Usamos registros de eletroencefalograma (EEG) em ratos e humanos, juntamente com potencial de campo local (LFP), imagem de ressonância magnética funcional (fMRI) e testes comportamentais em camundongos para avaliar o impacto dos neuroesteroides em estados de rede em regiões cerebrais implicadas no humor e utilizadas manipulações optogenéticas para examinar diretamente sua relação com os estados comportamentais.

RESULTADOS

Demonstramos que a alopregnanolona e análogos de esteróides neuroativos sintéticos com farmacologia molecular semelhante à alopregnanolona, ​​(SGE-516 (composto-ferramenta) e zuranolona (SAGE-217, composto experimental)), modulam oscilações entre as espécies.

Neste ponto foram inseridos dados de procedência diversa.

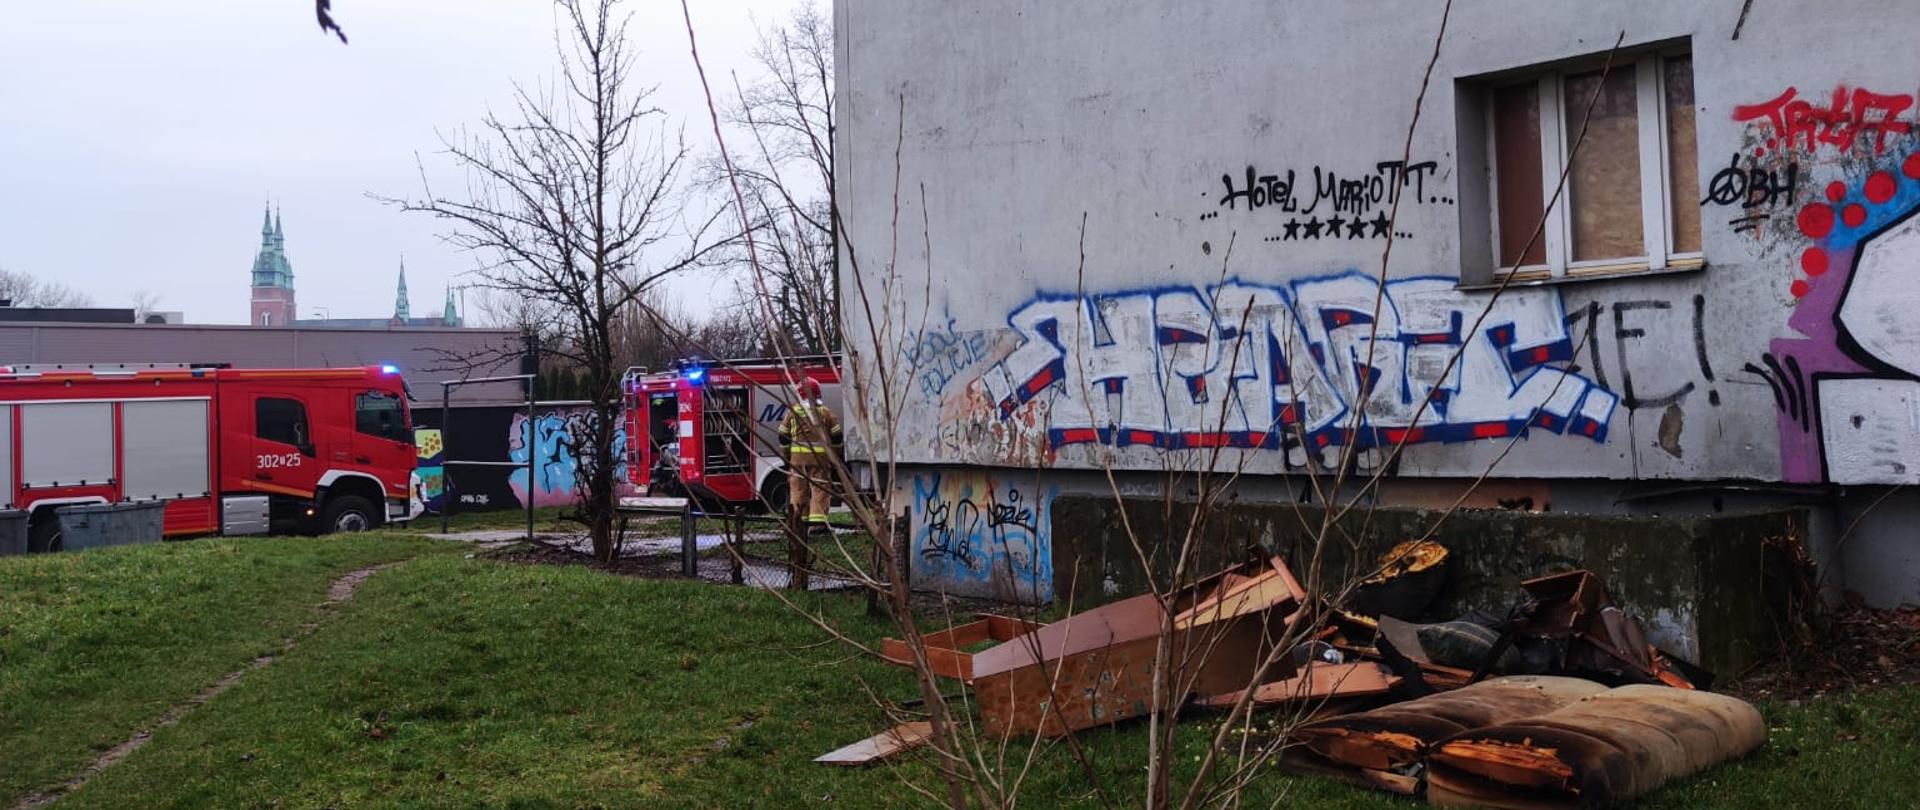 Zdjęcie przedstawia budynek socjalny oraz leżące przy ścianie meble zniszczone przez pożar. W głębi widać samochody pożarnicze

Demonstramos ainda um papel crítico para interneurônios na geração de oscilações na amígdala basolateral (BLA) e um papel para GABA contendo δUMARs na mediação da capacidade dos neurosteroides de modular a rede e os estados comportamentais. Alopregnanolona no BLA aumenta as oscilações de alta teta do BLA (6-12 Hz) por meio de GABA contendo deltaUMA receptores, um mecanismo distinto de outros GABAUMA PAMs, como benzodiazepínicos, e altera os estados comportamentais. O tratamento com o análogo de alopregnanolona SGE-516 protege os camundongos da ruptura da rede e dos estados comportamentais induzida por estresse crônico, que está correlacionada com a modulação das oscilações teta no BLA. A manipulação optogenética do estado da rede influencia o estado comportamental após o CUS.

CONCLUSÕES

Nossos resultados demonstram um novo mecanismo molecular e celular mediando os efeitos ansiolíticos e antidepressivos bem estabelecidos dos esteróides neuroativos.